С работы вернулся отец Сереги. Узнав о случившемся, он не стал ругать сына, чего я, честно говоря, ожидал, а, подумав, сказал: "Придется тебе идти в армию. Так будет проще выкрутиться из этой дурацкой заварухи".
Весь тот вечер Серега сидел молча. Он выглядел обескураженным и, как я понимал, не чувствовал себя виноватым. Я был уверен, что он не замышлял ничего из того, в чем его обвинили. Он просто задумался не вовремя, или же ему в голову из подсознания пришла какая-то мысль, показавшаяся ему интересной. Если бы не истеричная тетка и поддавшиеся на ее провокацию взрослые люди – педагоги, то все это дело выеденного яйца бы не стоило. С таким злом как лицемерие я столкнулся впервые.
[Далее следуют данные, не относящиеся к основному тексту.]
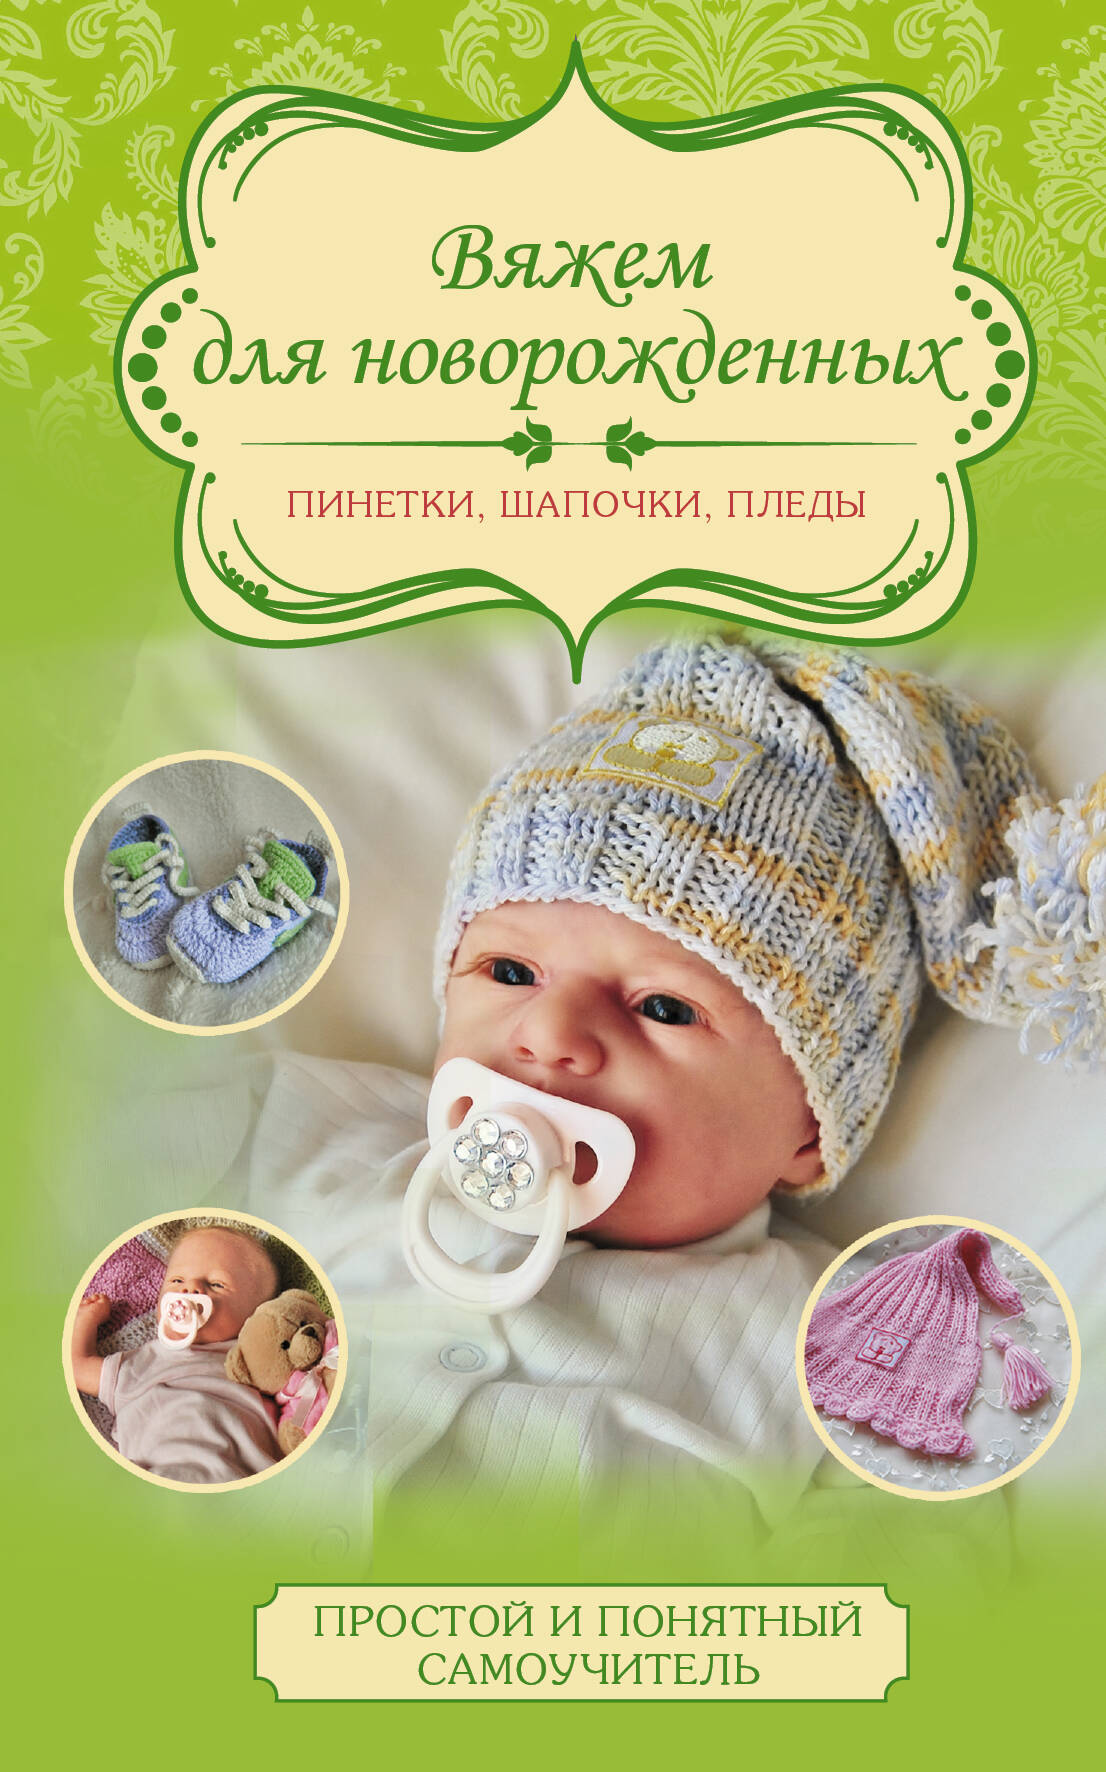 Демина Мария Александровна Вяжем для новорожденных: пинетки, шапочки, пледы - страница 0
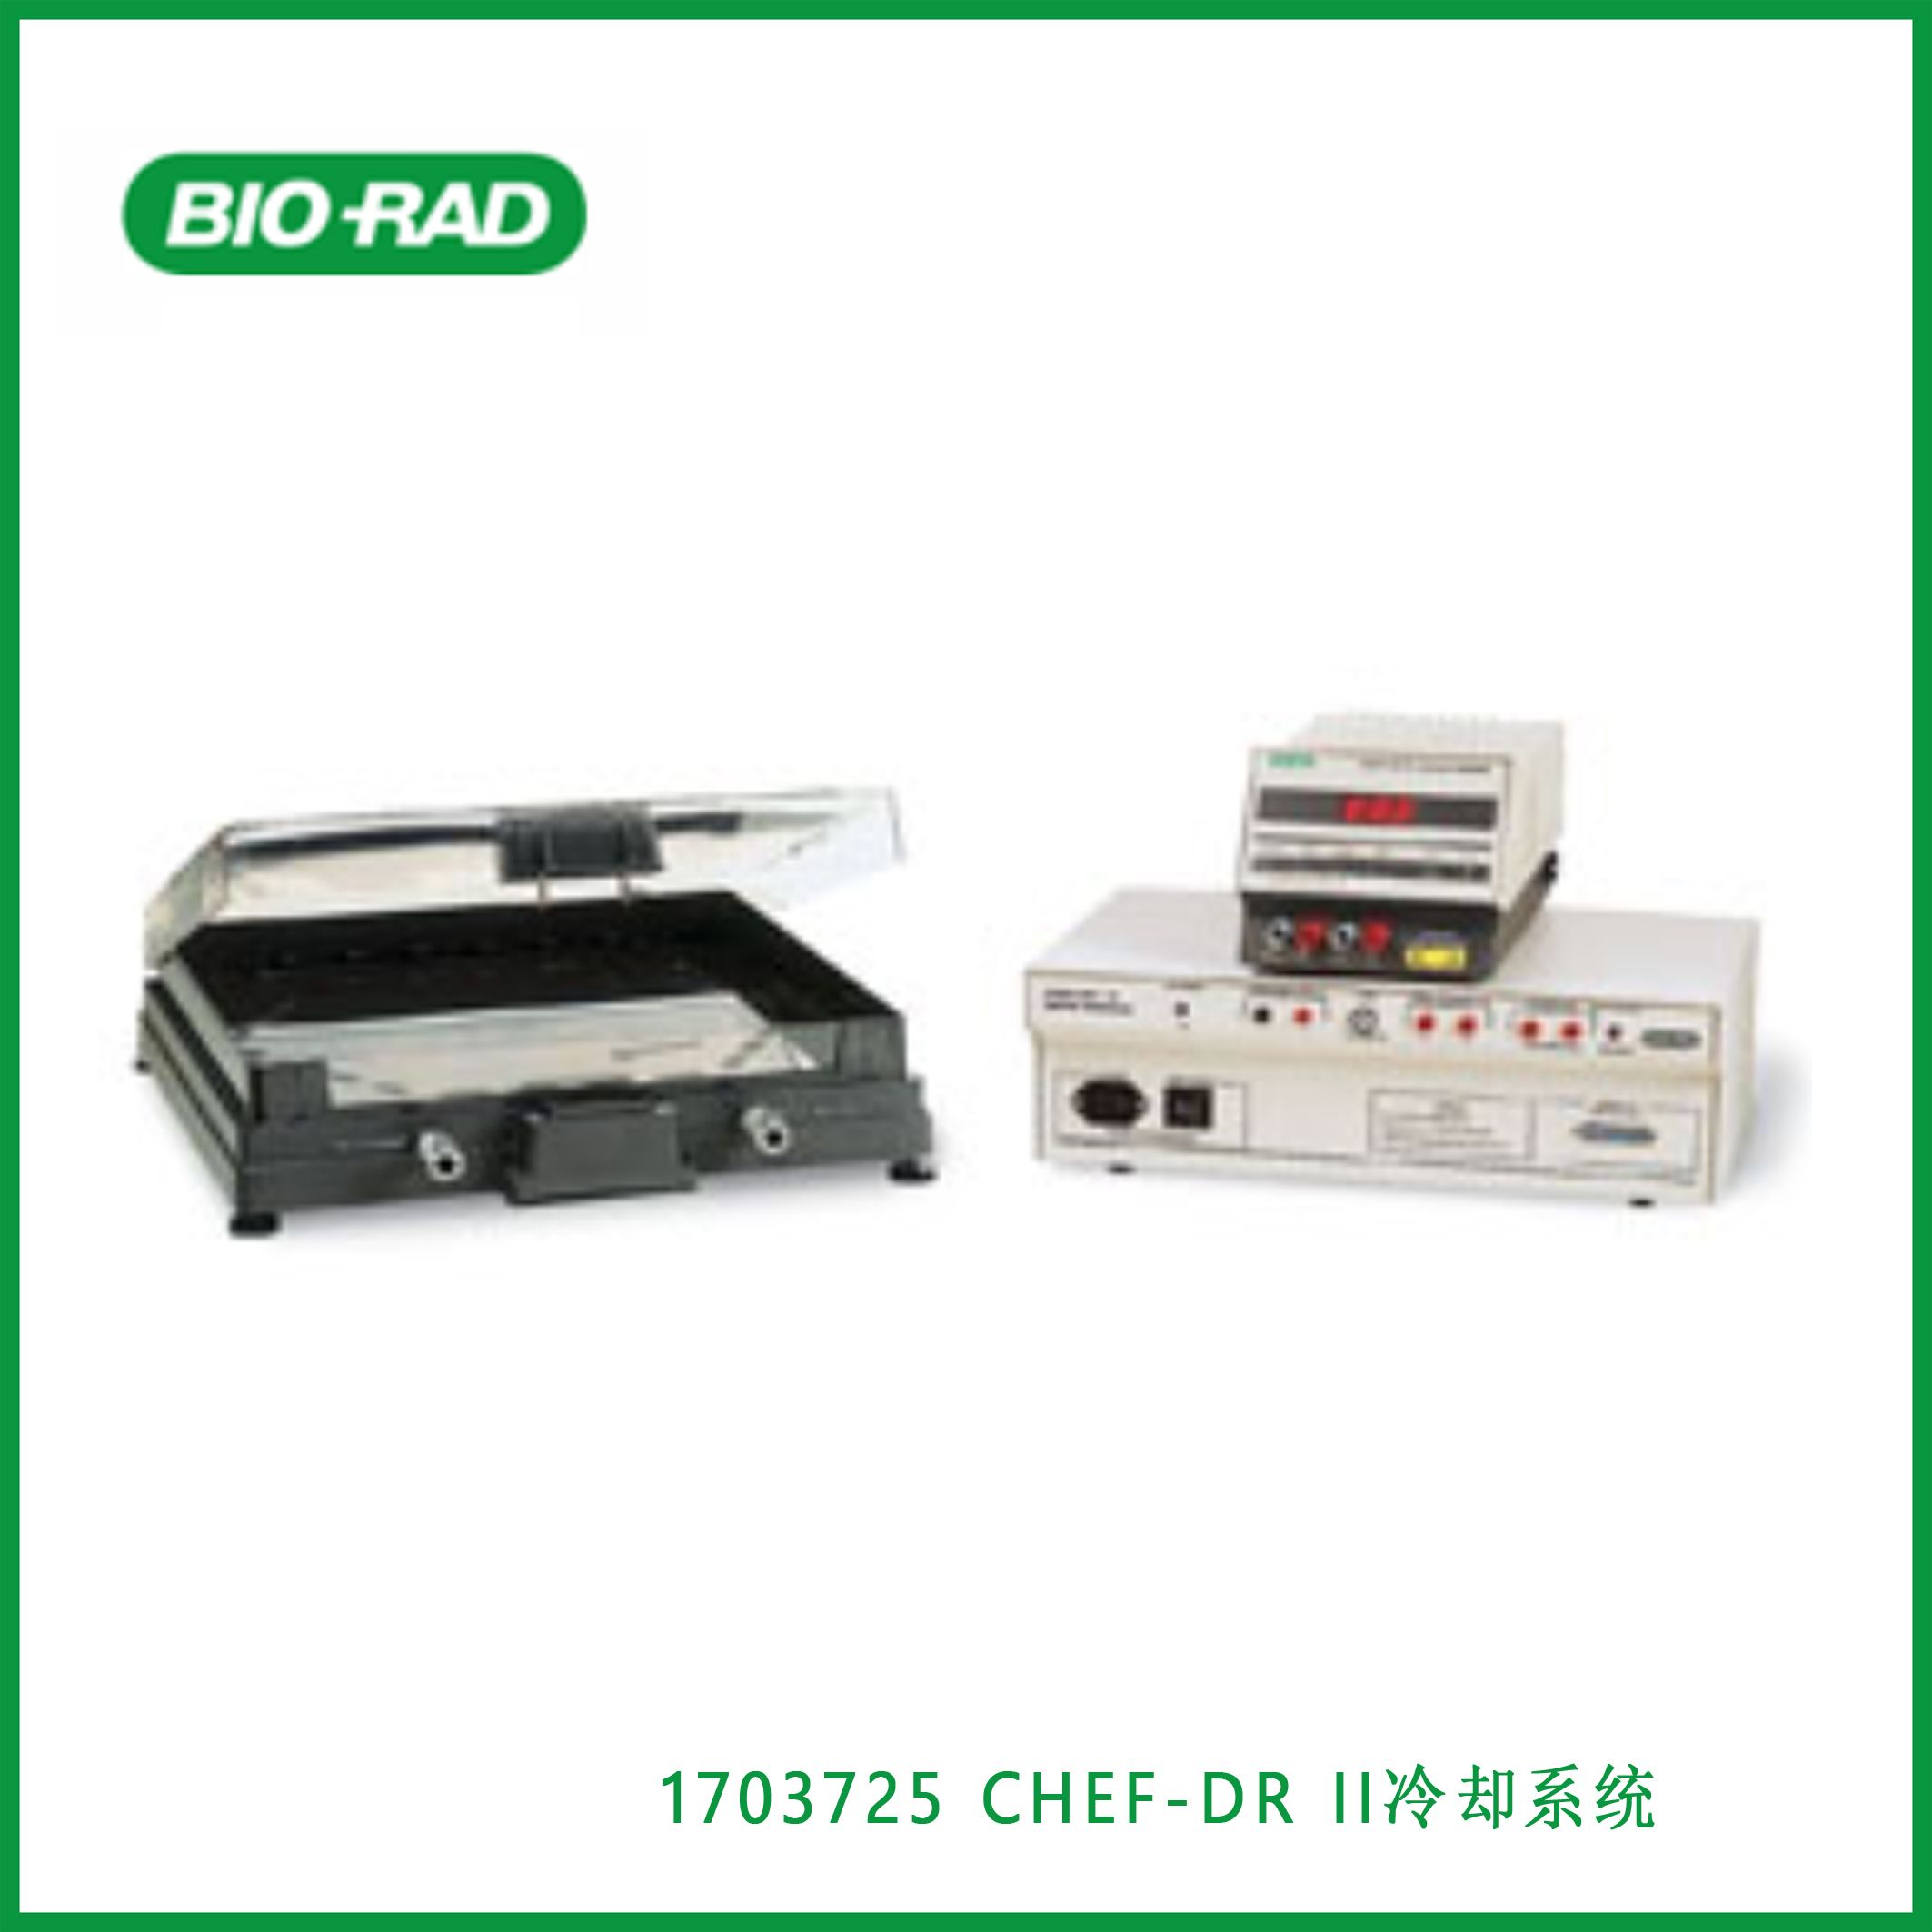 伯乐Bio-Rad1703725CHEF-DR II Chiller System，CHEF-DR II冷却系统，现货

Мне было непонятно: все по отдельности были против исключения Сереги, а когда дело дошло до голосования, вдруг оказались за. До сих пор зло было простым, зримым и осязаемым: подножка, оплеуха, кража. Для того чтобы бороться с таким злом, нужно самому быть сильным. Но здесь сила была бесполезна. "Кроме того, – думал я про себя, – как мне самому ходить теперь в школу". Давняя нелюбовь к ней вспыхнула с новой силой, но выбора не было.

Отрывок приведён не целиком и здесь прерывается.